I have been sifting through old journals, written yoga classes, pictures and memories in the back of my mind, in the hope of finding the perfect piece to post here as my first blog. Sharing some of my story through written word has been one of my highest intentions, and it has felt amazing to channel all this positive action and energy into its development. At the same time, the experience has also provided me with quite a bit of unexpected shadow work, work that helps bring some of my deeply hidden or denied judgments, secrets, insecurities, patterns and thoughts into the light for observation and maybe a little healing. I want to share them here with you as part of your healing too.
As I sat in front of my computer I began to feel completely stuck. Even writing my own bio seemed difficult! I found myself judging my experiences as boring or even shameful. I harshly criticized the words I used to explain my feelings. Every picture seemed to have a flaw that made it unsuitable to integrate. It was as if I had handed my victimizer a step stool and microphone so that it could voice its hurtful opinion about everything I am with more force and conviction.
With hunched shoulders I stared at my computer and found myself face to face with a sense of worthlessness…a worthlessness that I know has been lying deep inside me since I was a little girl. The feeling hit me in my stomach, and I could feel my neck begin to tighten as I forced the tears back down my throat. The issues have buried themselves deep within my tissues, and like boiling water, they started bubbling to the surface as I attempted to connect with myself and piece together my story and my heart’s mission.
This is not the first time I have been faced with this part of myself. I believe that everything comes in cycles, and in the last 20 years this little bit has risen and fallen with the natural ebbs and flows of my life. Like waves. I have come to understand, though, that - while this seems so ugly- there is actually something really beautiful about mindfully sitting in these feelings and sensations. It’s like swimming into a breaking wave. It’s scary and unpredictable. You don’t know if the wave will knock you down, and take the air out of you; but if you take a leap of faith, and lean toward the incoming wave, you wait…it is dark for a moment. But when you hold that breath deep in the belly and allow the whitewater to pass over you, you come up and find that revitalizing breath again. I often find this when I am alone with my feelings….afraid to lean into the dark for bits at a time and acknowledge these parts of myself…afraid I will get knocked down and my air taken away. But if I lean in, let go and let the feelings pass over me there is a gift of genuine connectedness and true compassion.

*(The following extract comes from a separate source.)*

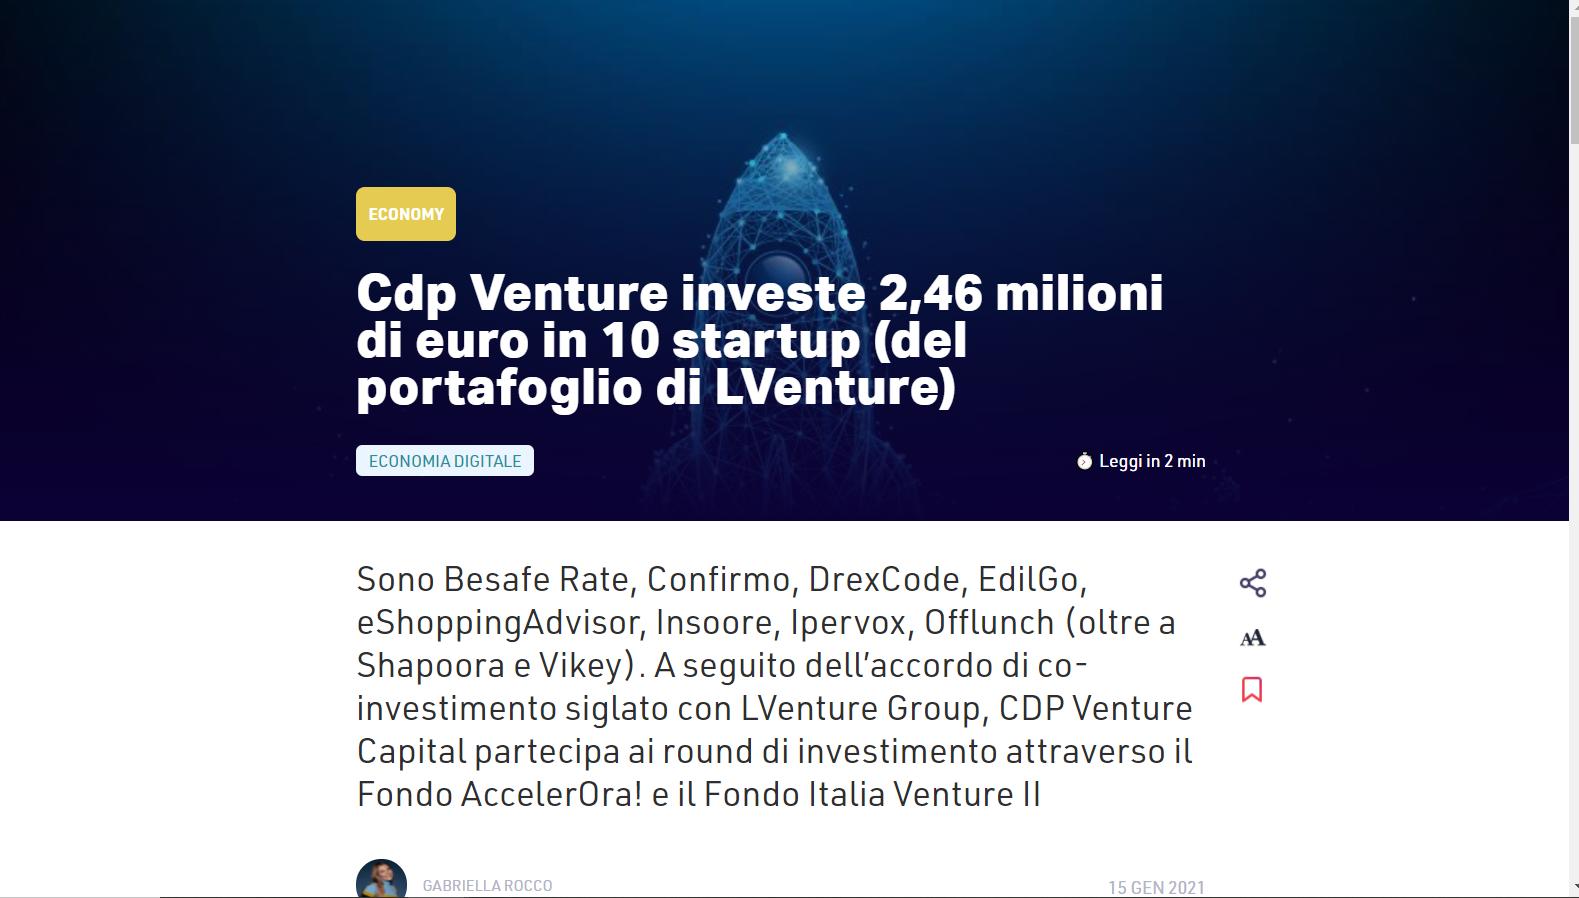 cdp venture

Years ago I had no clue how to handle the thoughts, the feelings, memories and emotions that would swell up inside me. So with a smile on my face, I would stuff all of the anxiety and fear deep inside and float away from my body to make sure I felt nothing; or, I would fight back – swim against the tide - with all I had to the point of exhaustion. Now, because of my yoga practice, I have the knowledge, the tools and the internal motivation to lean in…to turn into the dark when I need to, with the knowledge and peace that I will surface again, turning into the light and taking in the beauty of my true self. To surface with a deeper and truer understanding of who I am. I now know that the opposite of feeling defeated is not winning but it is surrendering. I can’t control what others think in an attempt to protect my heart. I have to let go and surrender to my heart’s highest intention, and trust that those who resonate with me will show up when I need them.
So I sat there and allowed myself to feel all of it. I actually sat there for quite some time, letting it all wash over me. It is so easy to become pulled back into old cycles. It is why I come to my mat time and time again to practice dropping the judgement and meeting myself where I am.

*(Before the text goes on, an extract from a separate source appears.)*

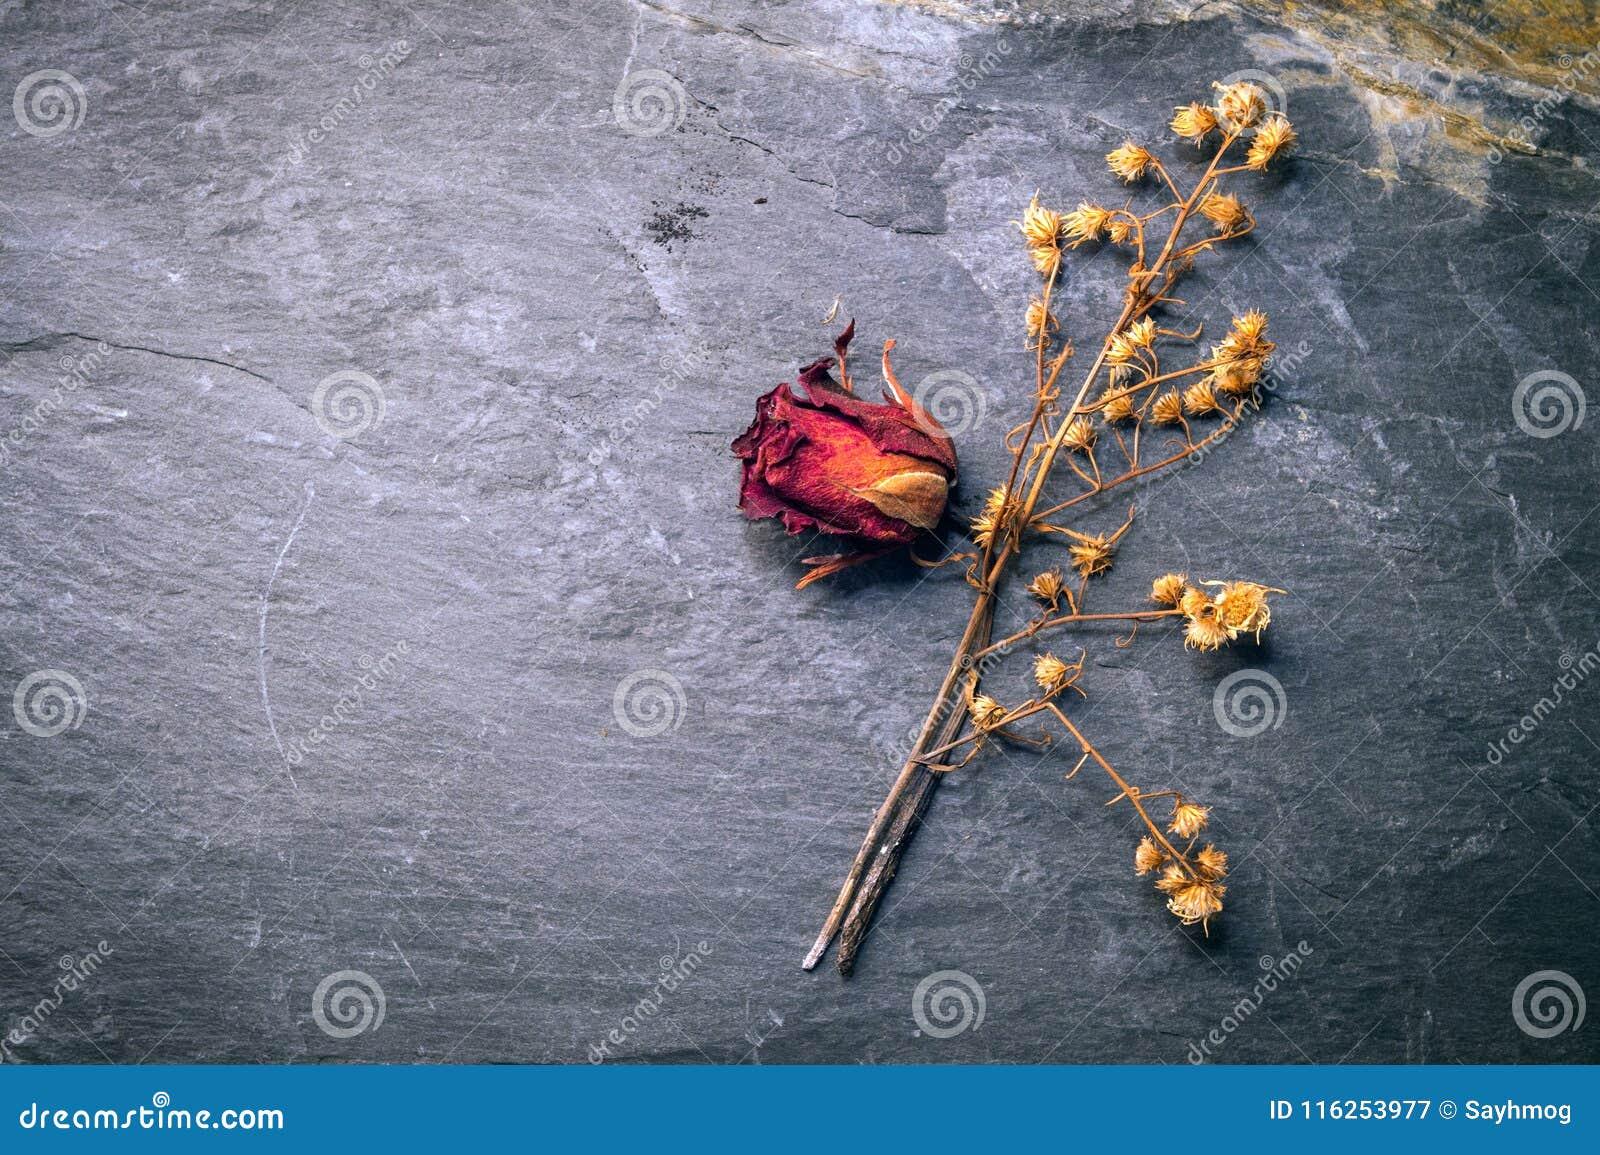 Dry Rose Flower on Stone

I found my breath and began to calm my body and mind. I sat back into child’s pose because there has always been something about this posture that reminds me ‘I am enough’. I opened my heart and connected with gratitude. What an incredible gift it is to know that all of this would pass…that the moment was present so that once again I could let that little girl inside let go of even a small portion of the burden she has carried for so long. The tears finally moved out of my throat and out of my eyes. Washing over me. Cleansing me. And I could breathe again.
Sitting with myself I began to realize that whatever I choose to share is perfect because the intention is greater than the process. So with every little bit I share, I am practicing ‘expressing without judgment’. Moving the energy around and sinking into my own unique flow. Each post will be a declaration of the love that I have found for myself. My whole self - the light and the dark. Diving under and surfacing again.